These. Are. Divine. Seriously, my kids did NOT believe me when I said I made them! They were sure I bought them. THAT’S how good they are!!
Prep Time | 10 minutes |
Cook Time | 45 minutes |
Servings |
|
- 1/2 cup salted butter
- 1 cup full-fat unsweetened coconut milk
- 1 cup pure maple syrup
- dash salt
- 1 cup almonds chopped, raw or roasted
- 1 10 oz package Enjoy Life chocolate chips
Ingredients
|
- Place a piece of parchment paper in an 8x8 glass pan (small enough to just cover the bottom).
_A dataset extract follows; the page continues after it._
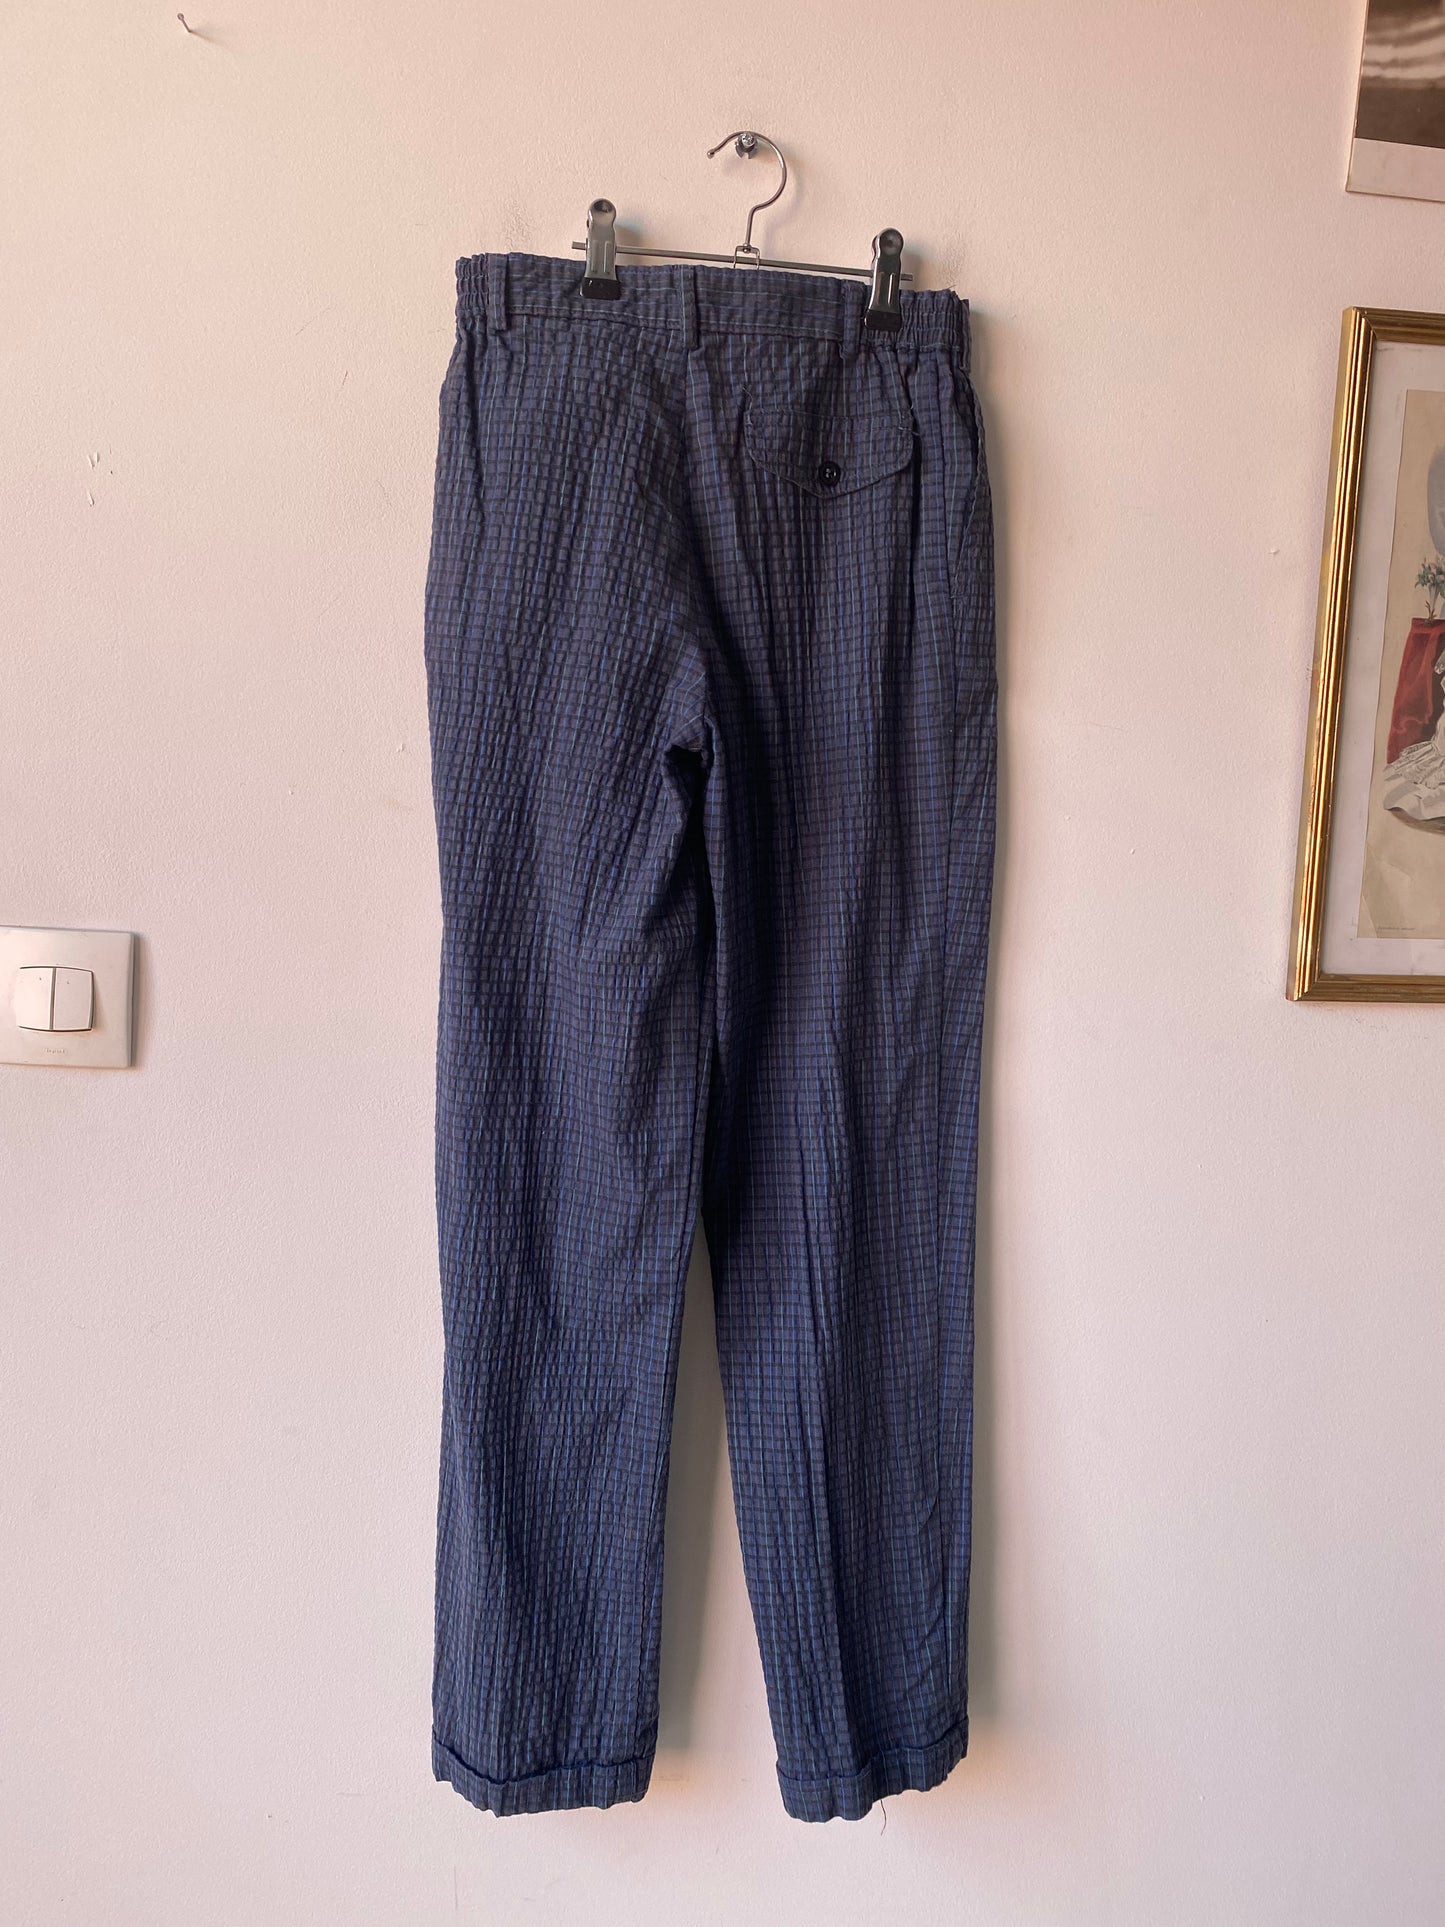 Pantalon bleu 80s

- In a saucepan, combine the butter, coconut milk, syrup and salt.
- Cook over medium heat until it reaches about 225 degrees, until the caramel is kind of a thick and gooey texture...about 25-35 minutes.
- Meanwhile, melt chocolate chips in a double boiler.
- Take about half of the melted chocolate and spread it into the 8x8 pan.
- Sprinkle the chopped almonds over the chocolate.
- Place in fridge while the caramel finishes cooking.
- Once the caramel is done, remove from heat and let sit for about 15 minutes to cool (you can put it in the fridge to speed this part up).
- Pour the caramel over the chocolate and almonds.
- Spread remaining chocolate over the caramel (if you need to re-melt it a little bit, just pop it back on the stove for a few minutes.
- Place in fridge to chill *completely*, then remove and cut into bars.
- Enjoy!
Be careful, these will suck you in!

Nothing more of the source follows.